In the entries below, which lines run from the one containing "Island Dienst 44/53" to the one containing "Тверь 14 век."? Copy exactly those lines, ends included, and no others.

◆ Saved data entries:
== Segment start ==
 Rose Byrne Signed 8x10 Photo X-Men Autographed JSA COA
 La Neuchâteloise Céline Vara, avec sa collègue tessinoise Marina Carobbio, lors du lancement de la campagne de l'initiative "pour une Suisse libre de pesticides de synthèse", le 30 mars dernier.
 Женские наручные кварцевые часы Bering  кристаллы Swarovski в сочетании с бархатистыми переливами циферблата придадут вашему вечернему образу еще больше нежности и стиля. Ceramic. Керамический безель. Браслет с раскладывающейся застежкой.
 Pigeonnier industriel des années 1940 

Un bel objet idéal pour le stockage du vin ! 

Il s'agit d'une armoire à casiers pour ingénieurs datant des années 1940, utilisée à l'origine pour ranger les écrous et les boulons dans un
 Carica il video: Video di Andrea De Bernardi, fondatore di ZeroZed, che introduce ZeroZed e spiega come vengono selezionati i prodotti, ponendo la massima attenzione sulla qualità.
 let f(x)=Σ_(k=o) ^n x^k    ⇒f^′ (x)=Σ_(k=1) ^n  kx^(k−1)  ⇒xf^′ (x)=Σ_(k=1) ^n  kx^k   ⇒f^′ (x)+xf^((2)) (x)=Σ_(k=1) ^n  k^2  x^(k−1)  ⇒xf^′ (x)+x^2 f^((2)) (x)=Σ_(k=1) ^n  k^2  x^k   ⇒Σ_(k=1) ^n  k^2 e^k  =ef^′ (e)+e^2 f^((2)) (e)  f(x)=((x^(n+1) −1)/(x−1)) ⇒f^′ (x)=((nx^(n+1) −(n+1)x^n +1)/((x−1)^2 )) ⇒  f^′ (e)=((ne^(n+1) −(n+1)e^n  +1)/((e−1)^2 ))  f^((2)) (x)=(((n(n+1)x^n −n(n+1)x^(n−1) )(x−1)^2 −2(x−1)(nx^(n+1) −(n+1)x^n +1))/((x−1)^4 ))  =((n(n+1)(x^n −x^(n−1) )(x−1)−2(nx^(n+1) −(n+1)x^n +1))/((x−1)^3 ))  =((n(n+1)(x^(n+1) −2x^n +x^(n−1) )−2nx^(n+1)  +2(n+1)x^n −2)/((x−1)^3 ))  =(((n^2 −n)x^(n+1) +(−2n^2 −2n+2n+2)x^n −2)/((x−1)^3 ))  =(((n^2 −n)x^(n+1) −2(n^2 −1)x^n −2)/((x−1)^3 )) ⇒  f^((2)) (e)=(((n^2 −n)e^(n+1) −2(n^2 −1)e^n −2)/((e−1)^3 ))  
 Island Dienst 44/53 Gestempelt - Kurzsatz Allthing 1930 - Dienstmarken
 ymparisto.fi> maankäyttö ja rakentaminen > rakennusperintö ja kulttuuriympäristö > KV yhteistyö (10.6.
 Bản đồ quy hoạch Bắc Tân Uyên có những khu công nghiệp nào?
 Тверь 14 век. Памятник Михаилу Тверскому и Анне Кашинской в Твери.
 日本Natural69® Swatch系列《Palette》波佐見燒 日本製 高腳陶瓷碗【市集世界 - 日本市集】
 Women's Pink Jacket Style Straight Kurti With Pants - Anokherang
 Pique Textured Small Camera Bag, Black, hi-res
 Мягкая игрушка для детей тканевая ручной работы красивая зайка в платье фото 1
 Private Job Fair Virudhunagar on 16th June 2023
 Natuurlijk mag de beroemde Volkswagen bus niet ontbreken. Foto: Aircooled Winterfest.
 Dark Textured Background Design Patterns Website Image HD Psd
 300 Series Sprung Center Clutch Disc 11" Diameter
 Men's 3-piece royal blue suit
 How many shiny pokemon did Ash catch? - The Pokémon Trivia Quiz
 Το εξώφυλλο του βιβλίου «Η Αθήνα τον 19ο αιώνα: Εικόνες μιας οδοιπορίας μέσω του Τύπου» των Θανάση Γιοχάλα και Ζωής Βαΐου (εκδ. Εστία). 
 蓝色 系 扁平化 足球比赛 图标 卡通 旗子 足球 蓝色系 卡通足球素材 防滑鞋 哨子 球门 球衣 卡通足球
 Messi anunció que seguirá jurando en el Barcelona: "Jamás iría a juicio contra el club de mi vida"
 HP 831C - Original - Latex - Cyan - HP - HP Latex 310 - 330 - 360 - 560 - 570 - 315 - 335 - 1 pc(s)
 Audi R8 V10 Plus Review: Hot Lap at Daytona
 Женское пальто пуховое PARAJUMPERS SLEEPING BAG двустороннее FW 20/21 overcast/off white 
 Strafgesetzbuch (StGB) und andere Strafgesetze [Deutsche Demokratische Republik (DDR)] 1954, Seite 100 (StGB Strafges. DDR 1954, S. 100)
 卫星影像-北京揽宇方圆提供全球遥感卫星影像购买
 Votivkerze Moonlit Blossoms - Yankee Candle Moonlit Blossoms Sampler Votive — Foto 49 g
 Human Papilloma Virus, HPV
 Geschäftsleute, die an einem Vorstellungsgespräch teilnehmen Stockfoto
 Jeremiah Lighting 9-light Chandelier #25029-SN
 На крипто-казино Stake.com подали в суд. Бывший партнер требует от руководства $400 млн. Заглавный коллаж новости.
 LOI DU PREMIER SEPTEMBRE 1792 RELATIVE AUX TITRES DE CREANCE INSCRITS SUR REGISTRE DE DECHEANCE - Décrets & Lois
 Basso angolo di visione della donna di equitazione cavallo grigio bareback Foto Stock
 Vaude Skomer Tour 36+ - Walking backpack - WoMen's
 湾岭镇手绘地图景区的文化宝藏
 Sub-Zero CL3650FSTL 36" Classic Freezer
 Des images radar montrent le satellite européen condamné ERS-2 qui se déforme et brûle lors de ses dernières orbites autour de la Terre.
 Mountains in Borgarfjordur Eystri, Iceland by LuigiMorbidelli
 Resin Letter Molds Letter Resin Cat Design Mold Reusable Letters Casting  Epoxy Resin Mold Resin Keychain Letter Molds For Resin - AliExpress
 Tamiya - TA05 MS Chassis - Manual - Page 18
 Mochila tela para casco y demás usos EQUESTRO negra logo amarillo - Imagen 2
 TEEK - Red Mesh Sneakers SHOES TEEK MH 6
== Segment end ==
◆ Task response:
 Island Dienst 44/53 Gestempelt - Kurzsatz Allthing 1930 - Dienstmarken
 ymparisto.fi> maankäyttö ja rakentaminen > rakennusperintö ja kulttuuriympäristö > KV yhteistyö (10.6.
 Bản đồ quy hoạch Bắc Tân Uyên có những khu công nghiệp nào?
 Тверь 14 век. Памятник Михаилу Тверскому и Анне Кашинской в Твери.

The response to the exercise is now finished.